Adherence Determinants in Cystic Fibrosis: Cluster Analysis of Parental Psychosocial, Religious, and/or Spiritual Factors
- PMID: 25803407
- PMCID: PMC4590021
- DOI: 10.1513/AnnalsATS.201408-379OC
Adherence Determinants in Cystic Fibrosis: Cluster Analysis of Parental Psychosocial, Religious, and/or Spiritual Factors
Abstract
Rationale: Cystic fibrosis is a progressive disease requiring a complex, time-consuming treatment regimen. Nonadherence may contribute to an acceleration of the disease process. Spirituality influences some parental healthcare behaviors and medical decision-making.
Objectives: We hypothesized that parents of children with cystic fibrosis, when classified into groups based on adherence rates, would share certain psychosocial and religious and/or spiritual variables distinguishing them from other adherence groups.
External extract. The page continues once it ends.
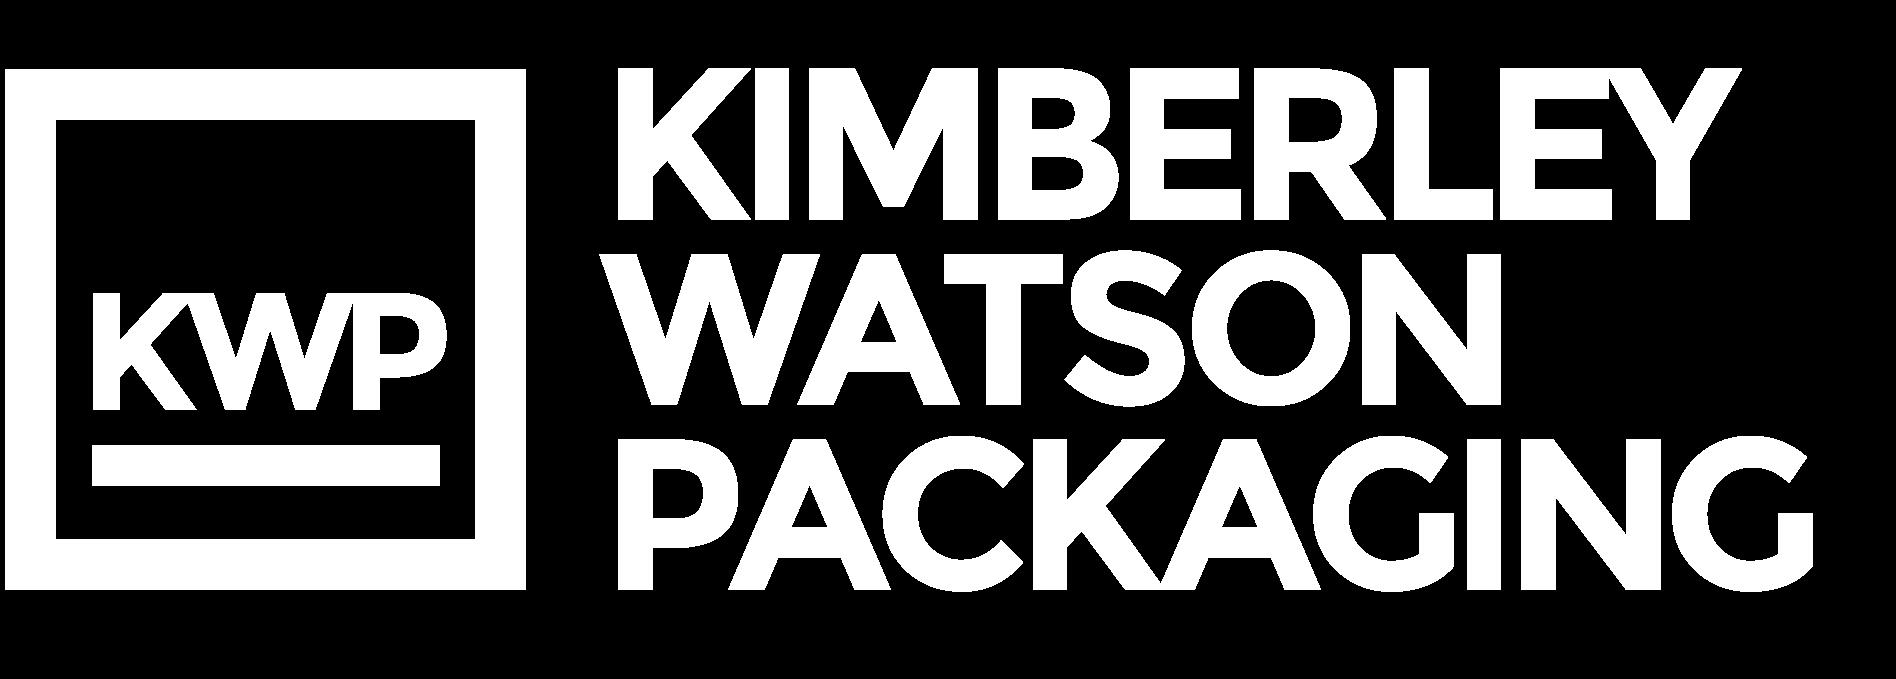 Kimberly Watson logo-18 (1).png

Methods: We conducted a multisite, prospective, observational study focused on parents of children younger than 13 years old at two cystic fibrosis center sites (Site 1, n= 83; Site 2, n = 59). Religious and/or spiritual constructs, depression, and marital adjustment were measured by using previously validated questionnaires. Determinants of adherence included parental attitude toward treatment, perceived behavioral norms, motivation, and self-efficacy. Adherence patterns were measured with the Daily Phone Diary, a validated instrument used to collect adherence data. Cluster analysis identified discrete adherence patterns, including parents' completion of more treatments than prescribed.
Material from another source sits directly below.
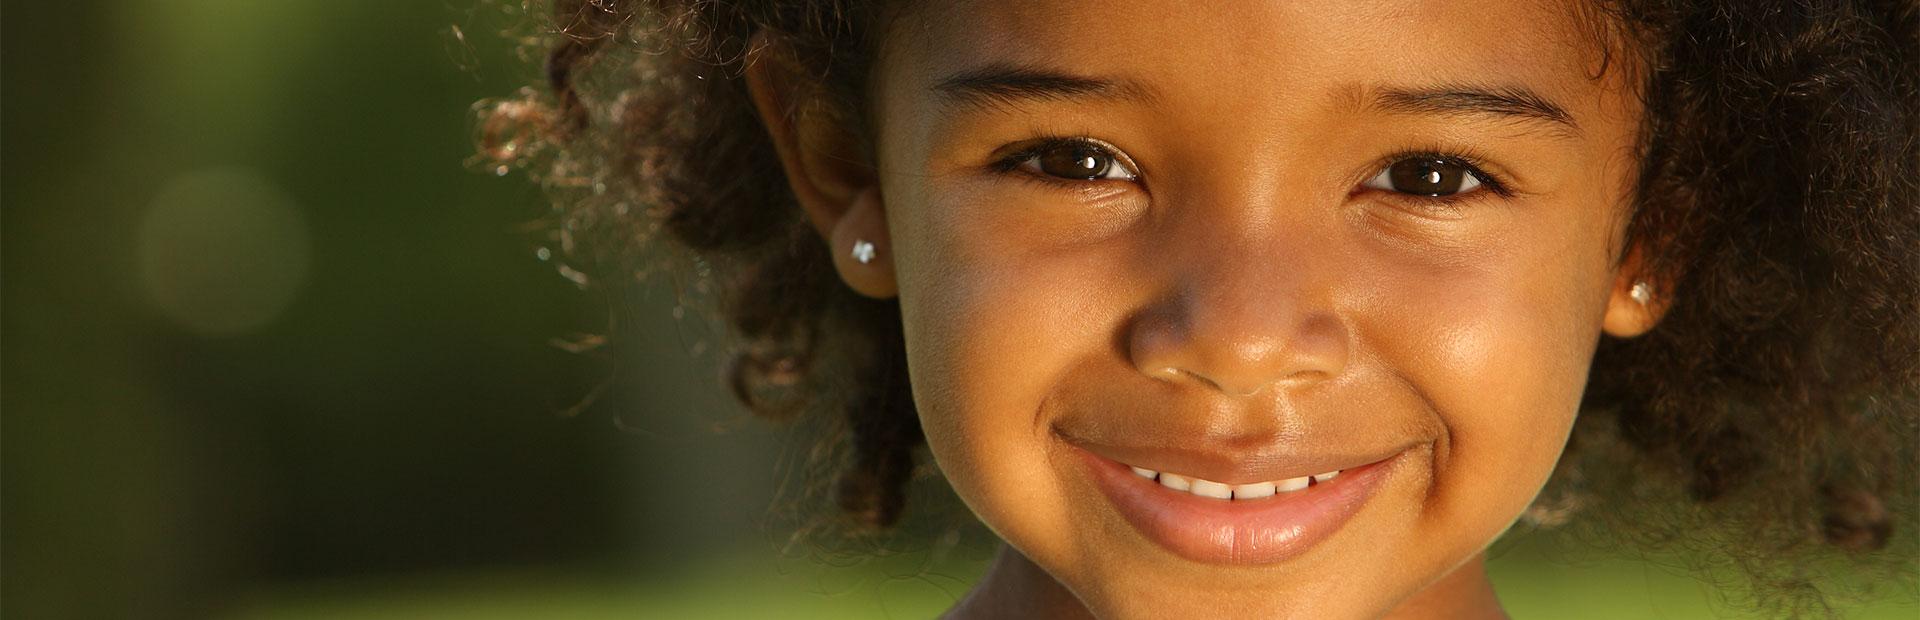 Children's Dentistry in Sugar Land, TX
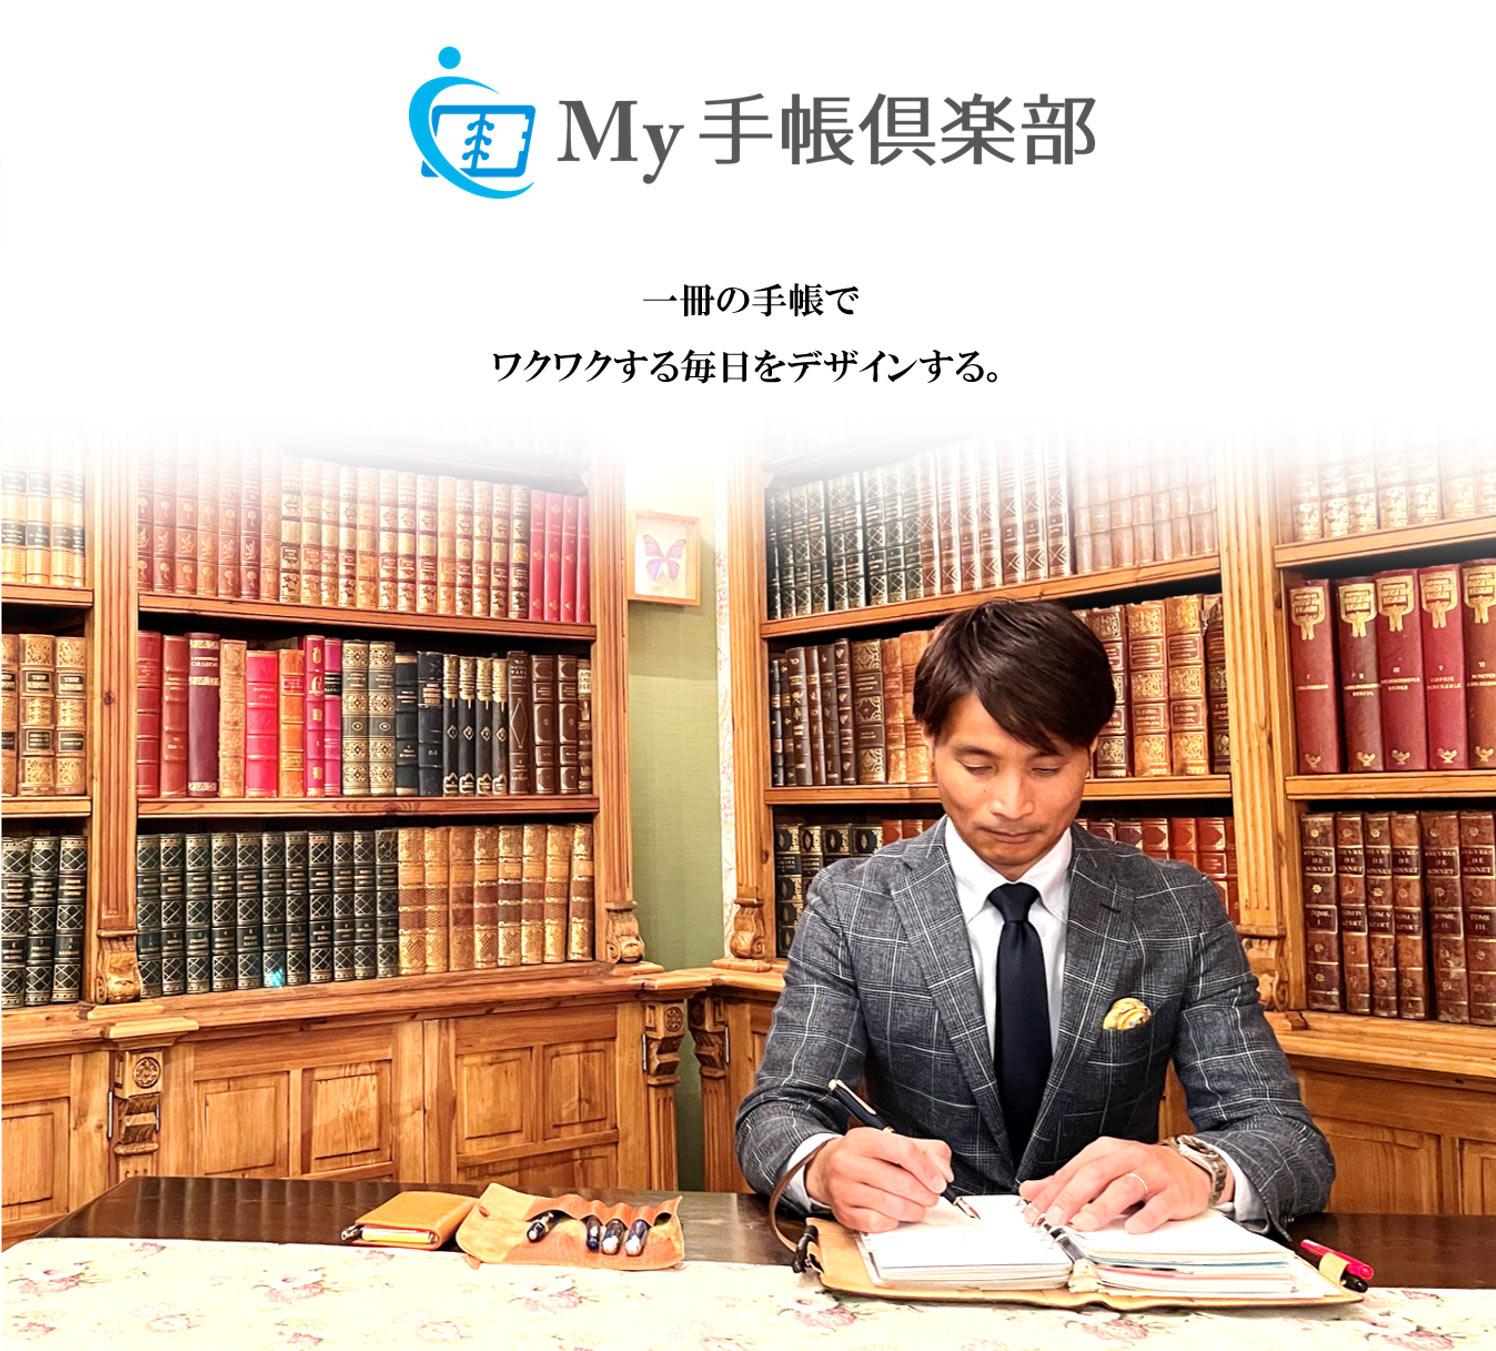 My手帳倶楽部

Measurements and main results: For airway clearance therapy, four adherence groups were identified: median adherence rates of 23%, 52%, 77%, and 120%. These four groups differed significantly for parental depression, sanctification of their child's body, and self-efficacy. Three adherence groups were identified for nebulized medications: median adherence rates of 35%, 82%, and 130%. These three groups differed significantly for sanctification of their child's body and self-efficacy.
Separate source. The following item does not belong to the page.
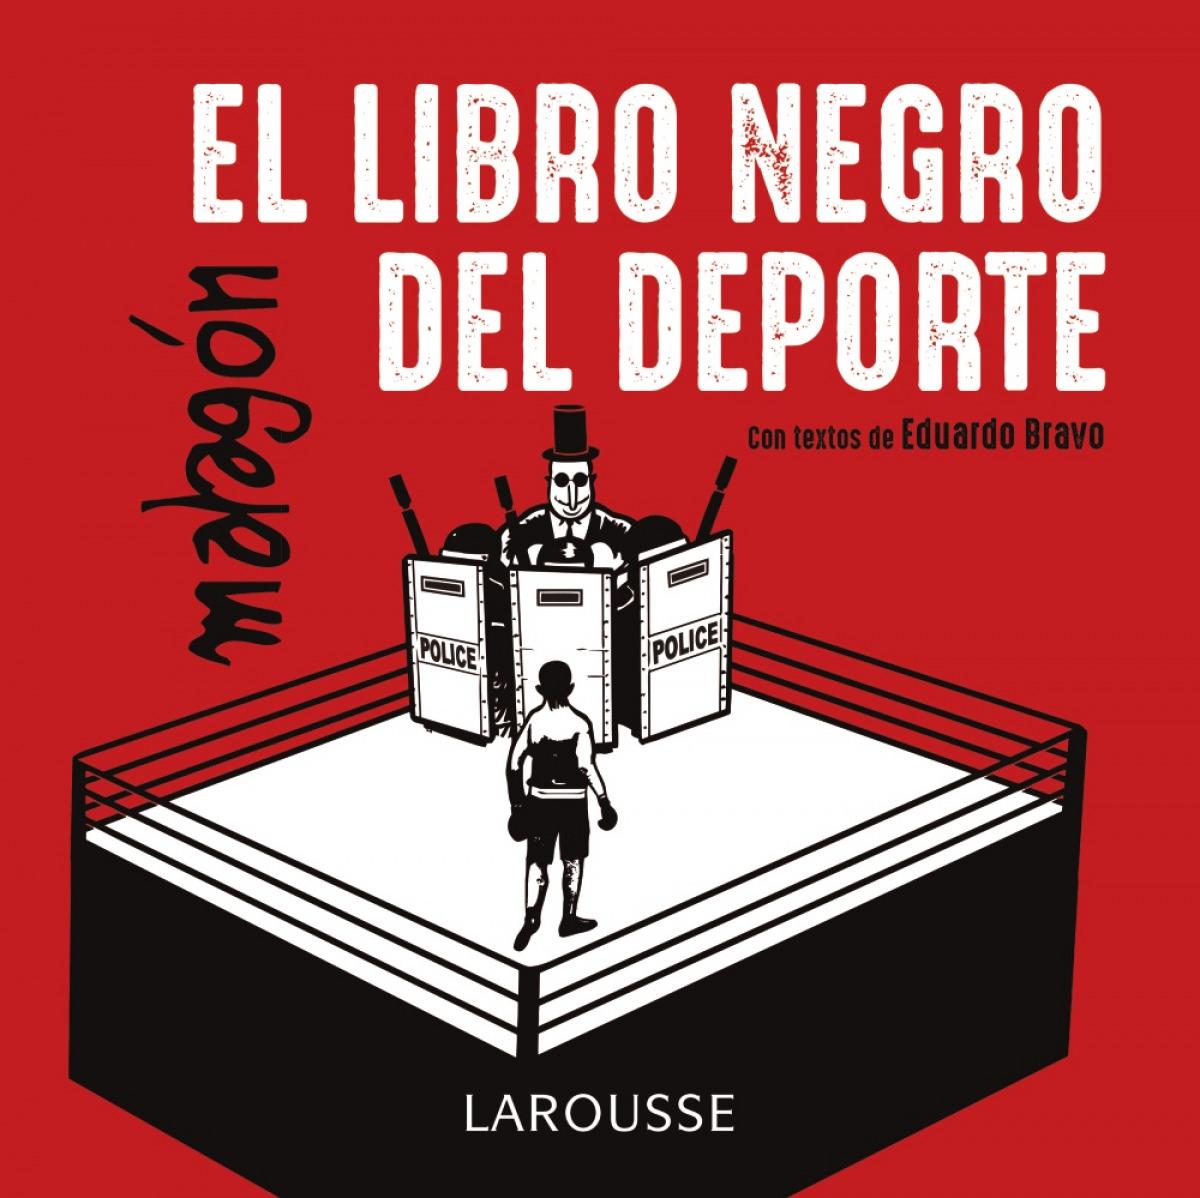 El libro negro del deporte 9788418100192

Conclusions: Our results indicated that parents in each group shared psychosocial and religious and/or spiritual factors that differentiated them. Therefore, conversations about adherence likely should be tailored to baseline adherence patterns. Development of efficacious religious and/or spiritual interventions that promote adherence by caregivers of children with cystic fibrosis may be useful.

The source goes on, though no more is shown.